Advisers would benefit from a greater number of female clients and should adopt assertive strategies to attract women, delegates at the SMSF Professionals’ Association of Australia national conference in Melbourne have heard.
“There is profit in sex,” independent investment management executive Patricia Curtin told the audience of self-managed superannuation fund (SMSF) advisers and trustees.
“Women present the greatest opportunity to advisers since the introduction of superannuation,” she added.
Curtin said the financial services industry as a whole needs to take advantage of the fact that women are now savvier and, as a group, are showing increasing interest in seeking financial advice, a trend supported by the findings of the recently-released Russell Investments-SPAA report.

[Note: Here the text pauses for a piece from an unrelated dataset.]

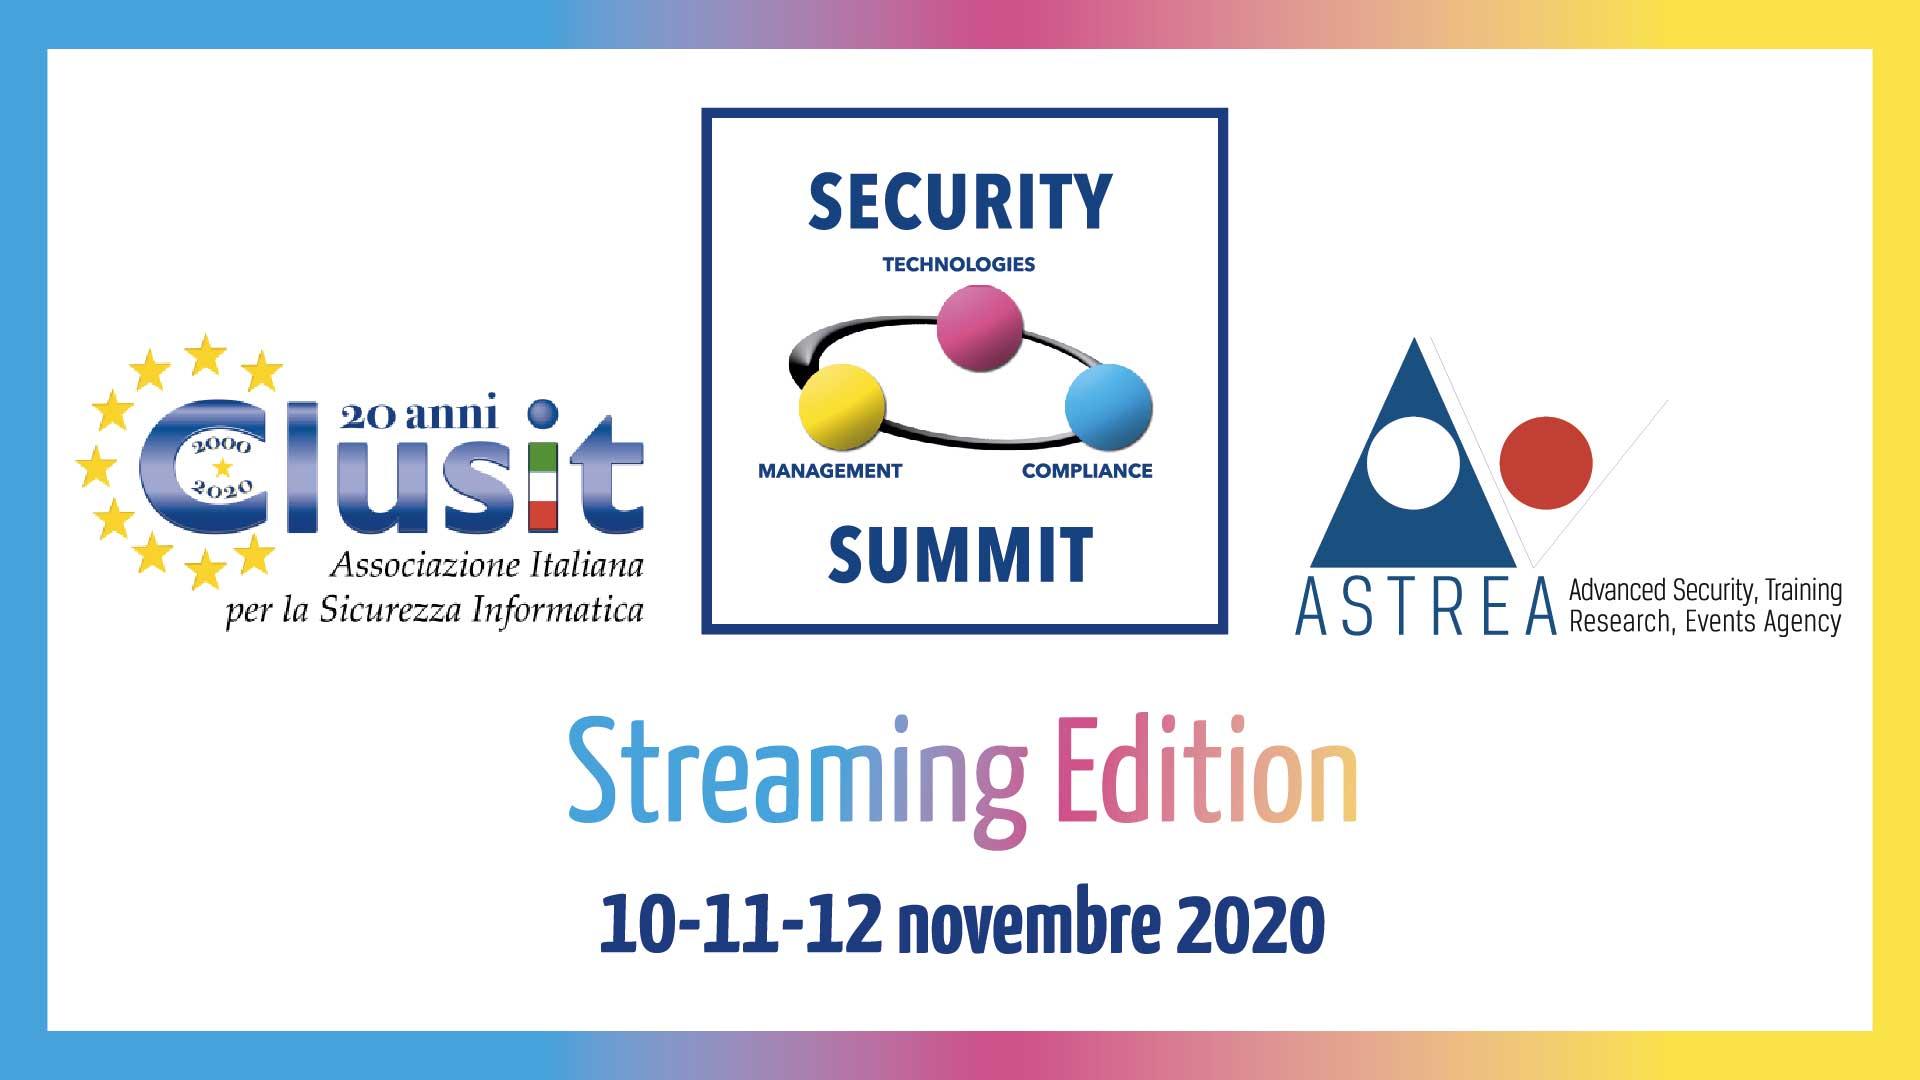 Security Summit Streaming Edition, al via i tre giorni dedicati alla sicurezza informatica thumbnail

The report found that women are more likely to seek financial advice than men, with 24 per cent of female SMSF trustees indicating interest in financial planning services, compared to 12 per cent of male trustees.
Adressing the same audience, Olivia Maragna, general manager of Aspire Retire and the 2012 Association of Financial Advisers (AFA) Adviser of the Year, said the findings backed up trends she has experienced in her practice for a long time.
“Women are keen to learn more about money but need assistance to know how to go about that,” she said. “Women also make good clients because they have realistic return expectations and are generally pleasant to work with.”
Maragna said that adopting a strategy to attract female clients would lead to greater revenue, referrals and retention.
Citing a number of case studies, she said women are more likely to refer clients to a trusted adviser and more likely to stay loyal once trust is earned.
“Up to 70 per cent of referrals at Aspire Retire come from women,” she said. “Women talk.”
Advisers need to approach women clients differently from men, she continued, focusing on empathy, long-term goals and developing an emotional relationship with a client, rather than on investment returns and using financial jargon.
She said women traditionally have a different risk appetite to men and that advisers should take this higher risk aversion into account when dealing with female clients.